Cyril Etesse: « Je remercierai toujours Anthony Joubert »

Cyril Etesse, moine shaolin de seconde nature, a présenté son spectacle électrisant ce vendredi soir au Lido Comedy & Club. Le marseillais à l’élocution pointilleuse a littéralement dynamisé son public venu en nombre pour l’acclamer. À la fin de son spectacle, il nous a livré quelques uns de ses petits secrets. Rencontre.

CyrilEtesse21Bonjour Cyril, merci d’avoir accepté de répondre à nos questions. « Shaolin », le titre de votre spectacle, est à l’opposé même de ce que vous livrez sur scène…

Oui. Le moine shaolin est très zen, très calme mais, en même temps, très précis dans ses gestes et dans son énergie. Et finalement, c’est un peu ce que je suis dans la vie et sur scène. Dans la vie, je suis quelqu’un d’assez calme, même réservé. Et puis sur scène, ça part très vite dans l’énergie. On m’a souvent parlé de ma bonne diction, etc… Alors c’est vrai, il y a une énergie que j’essaie de canaliser, de développer de façon très rapide et très précise. C’est ce qui a fait ma marque de fabrique et les gens ont plus tendance à se souvenir de mon travail, de mon personnage que peut-être d’autres humoristes qui font un peu comme les autres – du stand-up ou des sketches. Ils sont tous très drôles dans leur genre mais c’est vrai que des fois, il y en a tellement qui sont très bons que l’on ne se rappelle pas forcément de quelqu’un en particulier. Surtout à notre époque où beaucoup de sketches et les thèmes se ressemblent les uns les autres. C’est vrai donc que j’ai cette chance d’avoir ce personnage qui – sinon unique – me démarque un peu du travail des autres humoristes.

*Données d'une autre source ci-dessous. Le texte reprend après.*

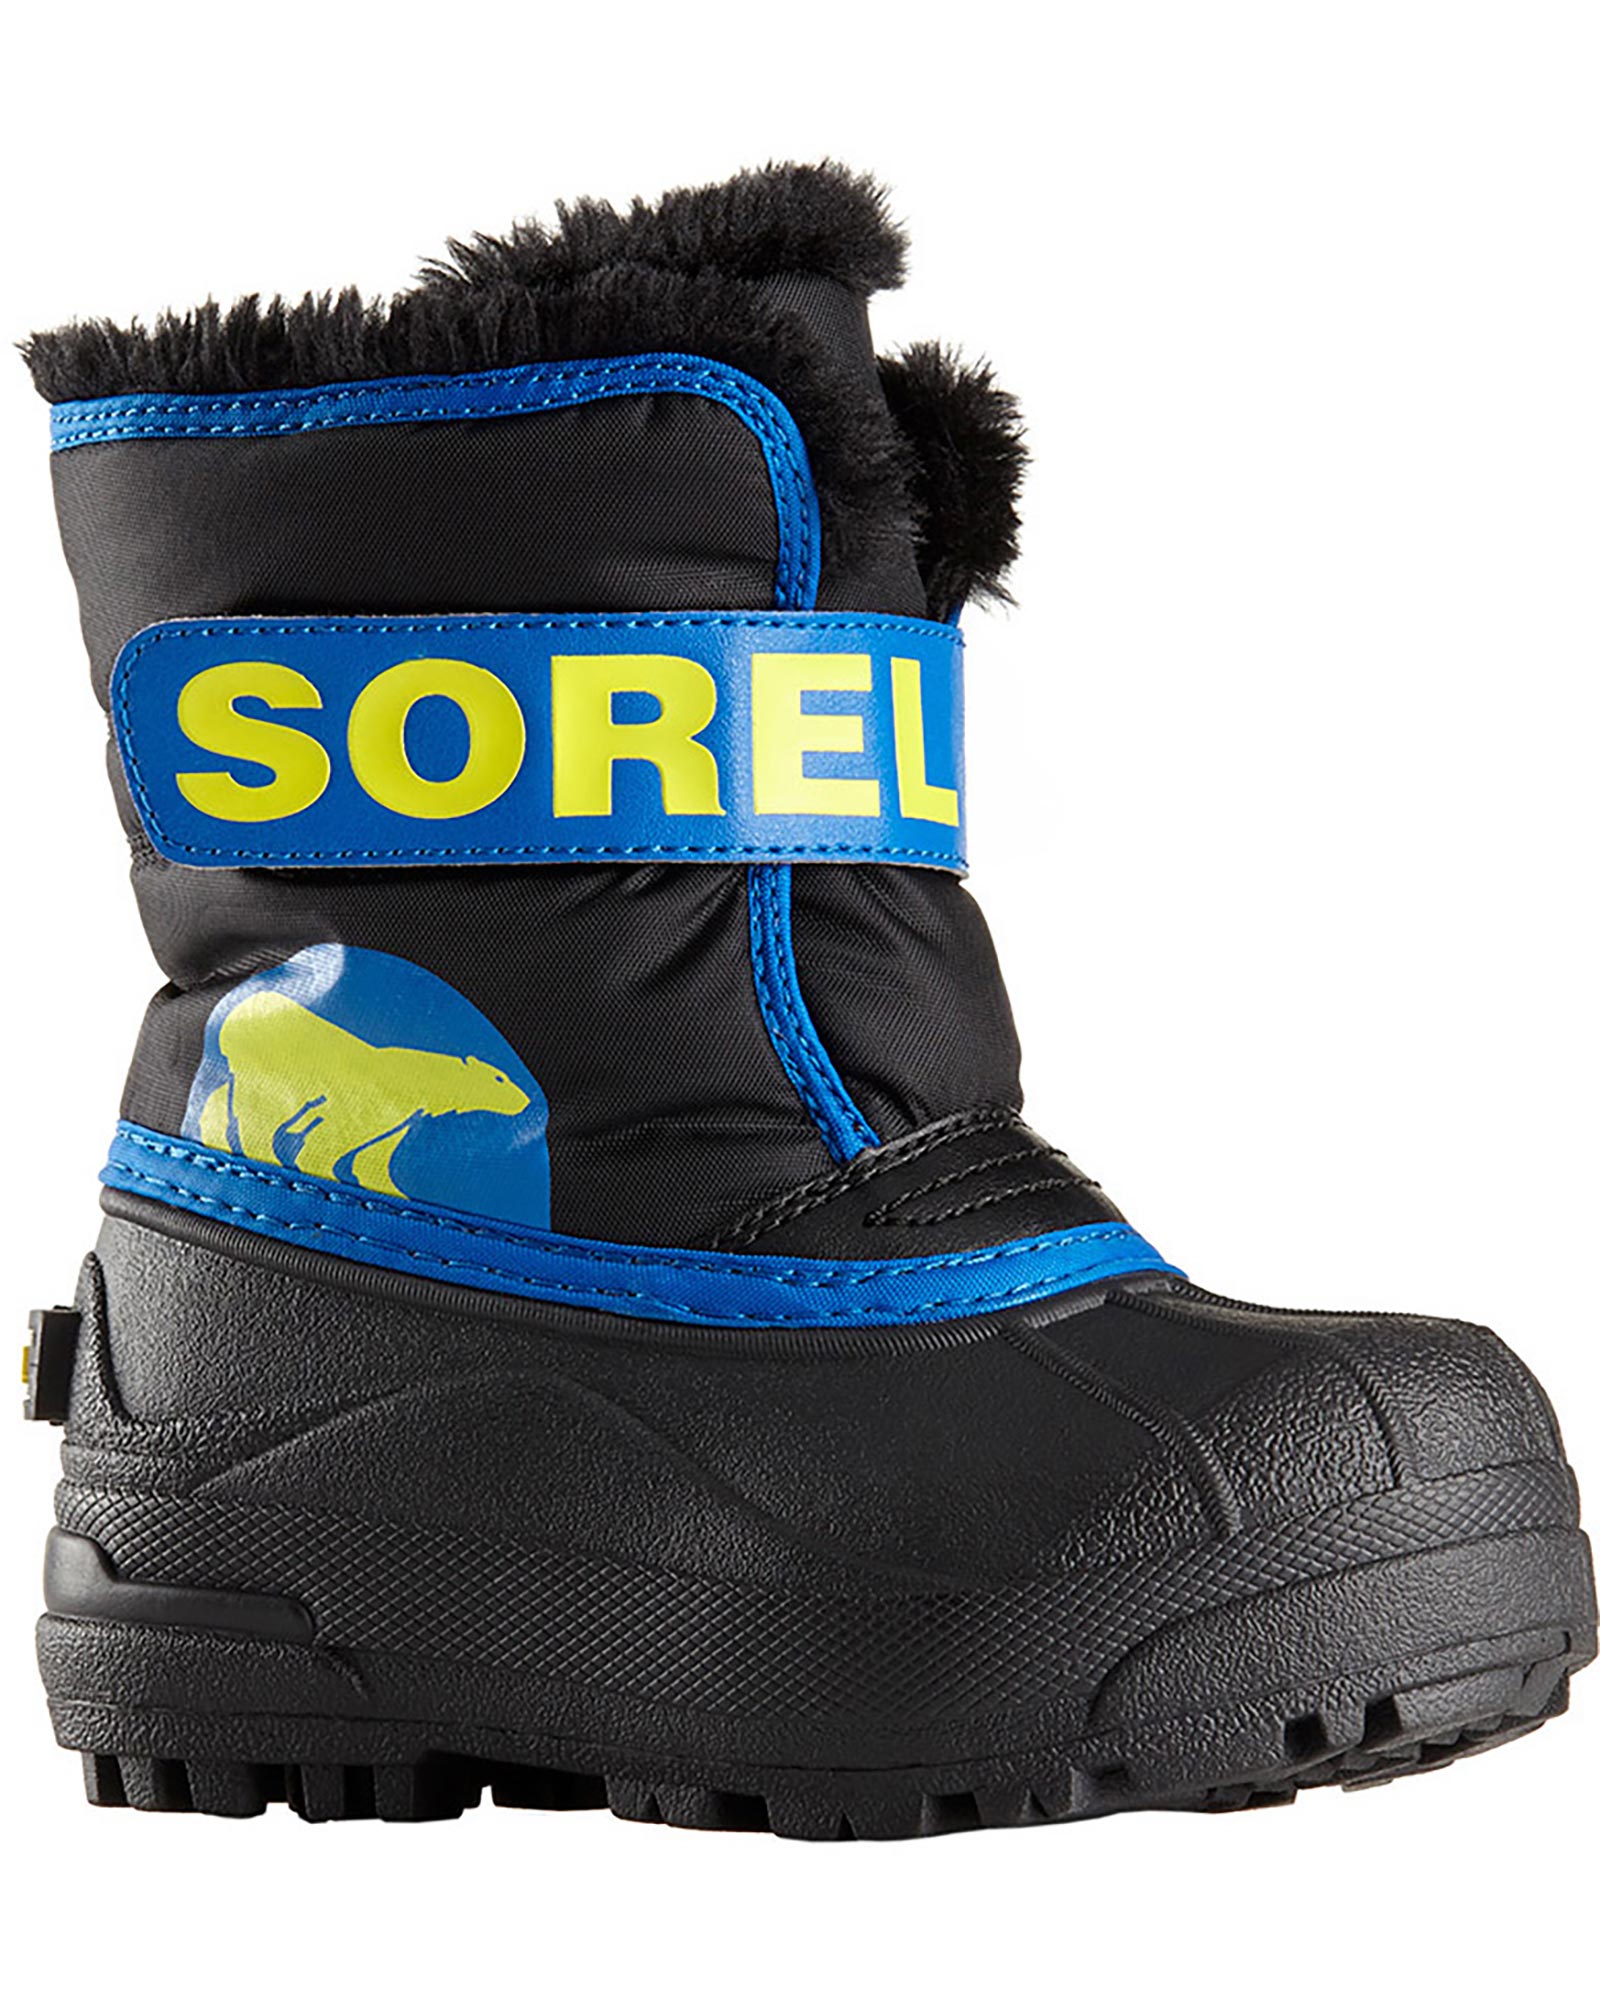 Sorel Snow Commander Toddler Snow Boots - Black/Super Blue UK 11 INF

Vous avez fait beaucoup de passages à la télévision, toujours avec ce même personnage. Vous dites que vous n’êtes pas unique. Ce n’est pas vrai: vous l’êtes. Vous jouez de la comédie et non plus un simple stand-up…

Oui. Le terme de stand-up, pour moi, ne veut pas dire grand chose parce que c’est un terme qui est devenu tellement à la mode depuis 10 à 15 ans. Mais pour moi, Coluche faisait du stand-up, même quelque part, Fernand Raynaud faisait parfois du stand-up. Les vieux humoristes déjà s’adressaient au public, discutaient avec lui, parlaient de la vie de tous les jours. Coluche faisait alors aussi bien du stand-up que des sketches avec un personnage incarné. Quand il fait son sketch sur la publicité, c’est du stand-up. On a l’impression que le stand-up a été inventé par Gad Elmaleh, Jamel Debbouze: il n’y a rien de plus faux. C’est un terme à la mode mais c’est un univers comique qui existe depuis toujours. Donc, moi, j’essaie d’adapter des codes qui sont marquants pour le public. C’est ce que je dis en m’amusant dans mes spectacles. Quand je dis aux gens que je vais faire des sketches qui, finalement, sont déjà vus – parce que c’est dans l’ère du temps, le sketch raciste, engagé en général, le vulgaire, etc… – j’essaie de personnaliser tout ça avec mon personnage un peu hystérique et très speed, un peu moralisateur sans l’être qui donne des leçons sans en donner. Et ce personnage est un peu original, je crois. On m’a comparé à [Louis] De Funès, [Fabrice] Luchini dans la presse. C’est très flatteur et, en même temps, c’est très dur d’être déjà soi-même. Là, j’ai trouvé un personnage qui me correspond, qui plait, qui me permet de dédouaner un peu ce que j’ai envie de dire – parfois de façon un peu provocante, parfois plus légère. J’ai un personnage qui touche un peu tout le monde par son originalité, je pense.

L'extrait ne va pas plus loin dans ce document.